Badrun yang sudah tidak punya tempat tinggal akhirnya numpang di rumah mertuanya bersama istrinya Santi yang sebentar lagi akan melahirkan karena perkiraan Bidan bisa lebih cepat dari tanggal yang sudah ditentukan atau lebih lambat dari tanggal yang sudah ditentukan.
Badrun sudah tidak bisa lagi tinggal di rumah Bu Saadah yang sebenarnya sudah diwariskan kepada anak bungsu perempuan kesayangannya itu yaitu Reni, dan kamar yang dulu dipakai oleh Badrun dan Mira kini ditempati oleh adik bungsu laki-lakinya Badrun yang sudah menikah juga.
Kini tiap hari Badrun harus menahan sakit hati karena ucapan mertuanya yang terus menyindirnya dan misuh-misuh kepadanya karena dia sudah kembali menjadi orang melarat lagi.

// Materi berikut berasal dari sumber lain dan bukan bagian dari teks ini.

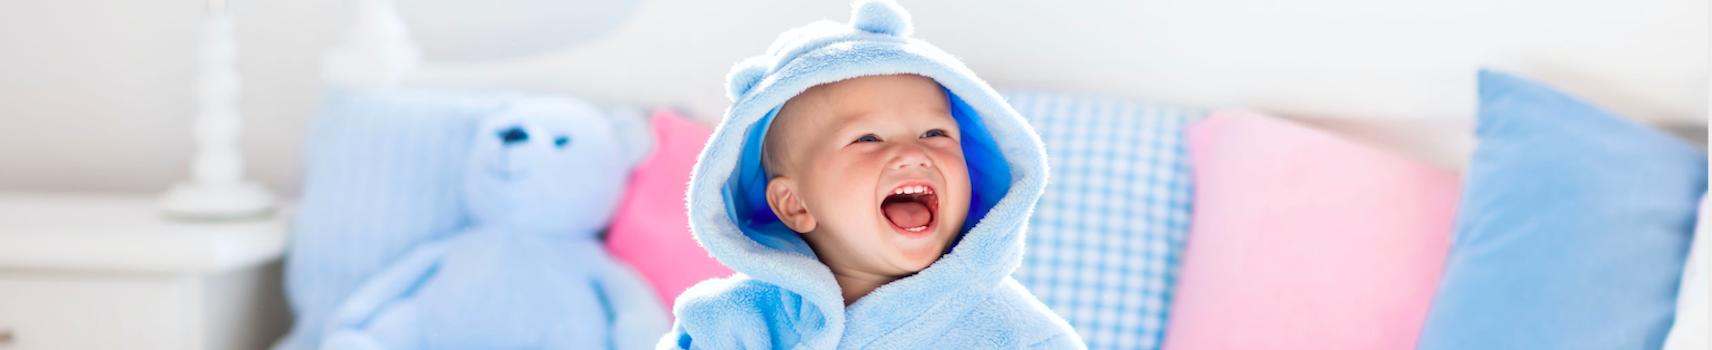 Le Comptoir Allemand | Achat de Soins pour Bébé
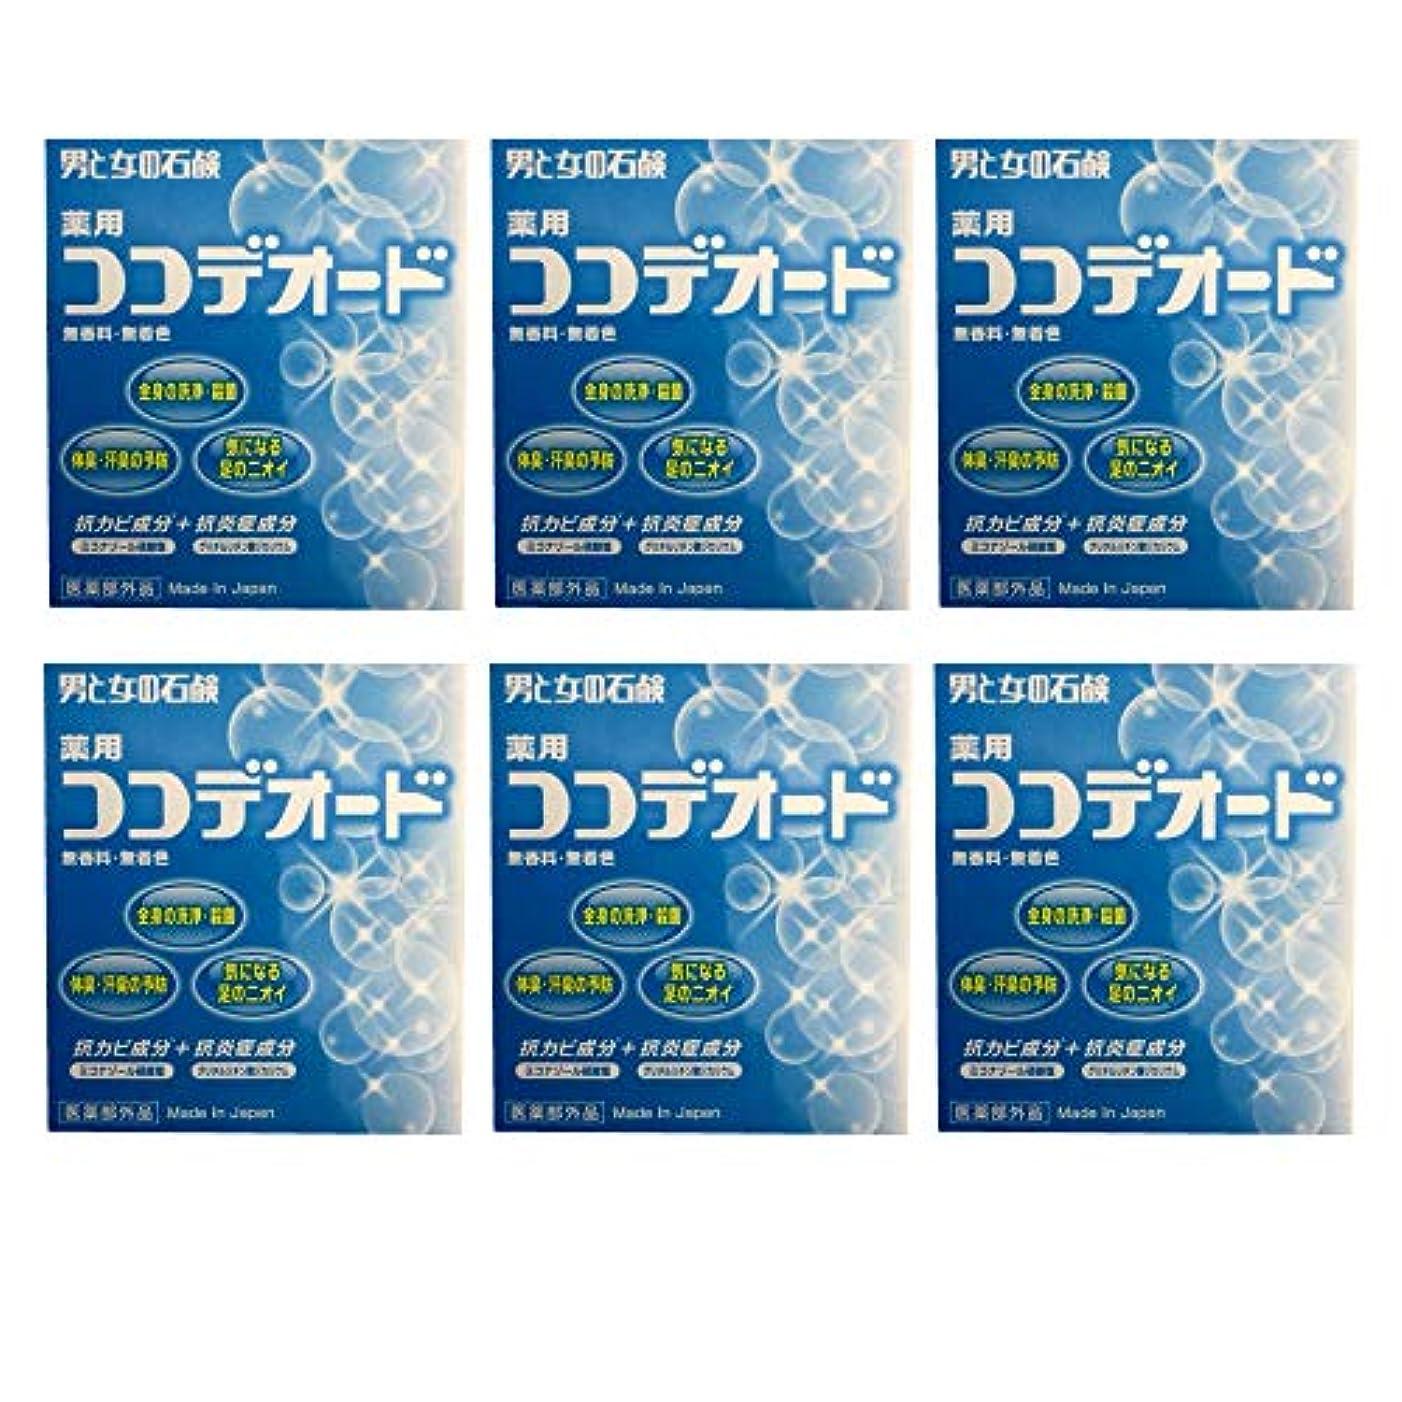 コードレス海藻資源ミコナゾール 薬用せっけん 100g 《医薬部外品》 (6個)

Tidak ada lagi keglamoran dalam pakaian yang dia kenakan atau dari makanan yang terhidang di atas meja sebab mereka semua harus serba hemat. Menghemat uang yang masih tersisa di tangan Badrun agar saat Santi melahirkan ada cadangan uang untuk jaga-jaga.
"Nyesel aku nikahin anak gadisku ke kamu, Drun." ucap Ibu mertuanya Badrun. "Dulu aku kira kamu itu bakalan tetap sukses, eh tahunya nggak nyampe setahun sudah balik lagi jadi orang miskin." sindirnya.
"Mau gimana lagi Bu. Saingan warungku aja berat banget, mana bisa aku menang." jawab Badrun yang lagi-lagi menjadikan warung Mira sebagai alasan kebangkrutannya.
"Halah, alasan. Bilang saja kamu tidak becus ngurus warungmu. Jangan-jangan kamu dulu bohong ya?"
"Bohong masalah apa, Bu?"
"Dulu kamu bilang kalau yang memajukan warung itu bisa sampai sesukses itu adalah kamu, dan kamu juga membanggakan dirimu sendiri bahwa rumah dan tanah yang dibeli pakai uang warung itu berkat kepandaianmu mengurus warung, lalu kenapa setelah kamu bercerai dengan Mira malah jadi bangkrut kayak gini? Jangan-jangan kunci sukses warungmu dulu itu terletak pada Mira ya?" tebak Ibu Romlah.
"Bukan, Bu. Kunci suksesnya ada padaku." kilah Badrun yang tetap membela dirinya sendiri.
"Tapi kenapa kamu kalah pas saingan sama si Mira?" lirik Bu Romlah dengan pandangan sinisnya meremehkan.
"Kayaknya si Mira pakai penglaris, Bu." tuduh Badrun.
"Mana mungkin pakai penglaris, wong keluarganya Pak Imron paling anti sama hal-hal musyrik kayak gitu. Belum lagi Ibunya si Mira, si Jum, dia kan paling anti juga sama hal-hal begituan. Udah, kamu terima saja kekalahanmu itu, jangan suka ngeles lagi."
Badrun hanya diam.
"Sudah, cepet kamu susul Bapaknya Santi di sawah, bantuin dia garap sawahnya, jangan hanya mau numpang enaknya doang ya tinggal di rumah ini."
"Baik, Bu."
Sepeninggal Badrun, Bu Romlah merutuki nasib malang yang menimpanya. Alih-alih dapet menantu kaya, eh malah dapet mantu zonk.
***
Bu Saadah dan semua anak-anaknya yang suka sekali jadi benalu dan merecoki rumah tangga anak dan saudara laki-lakinya kini memiliki inang yang baru. Kali ini target mereka adalah Mas Budi, anak nomor dua setelah Ingah.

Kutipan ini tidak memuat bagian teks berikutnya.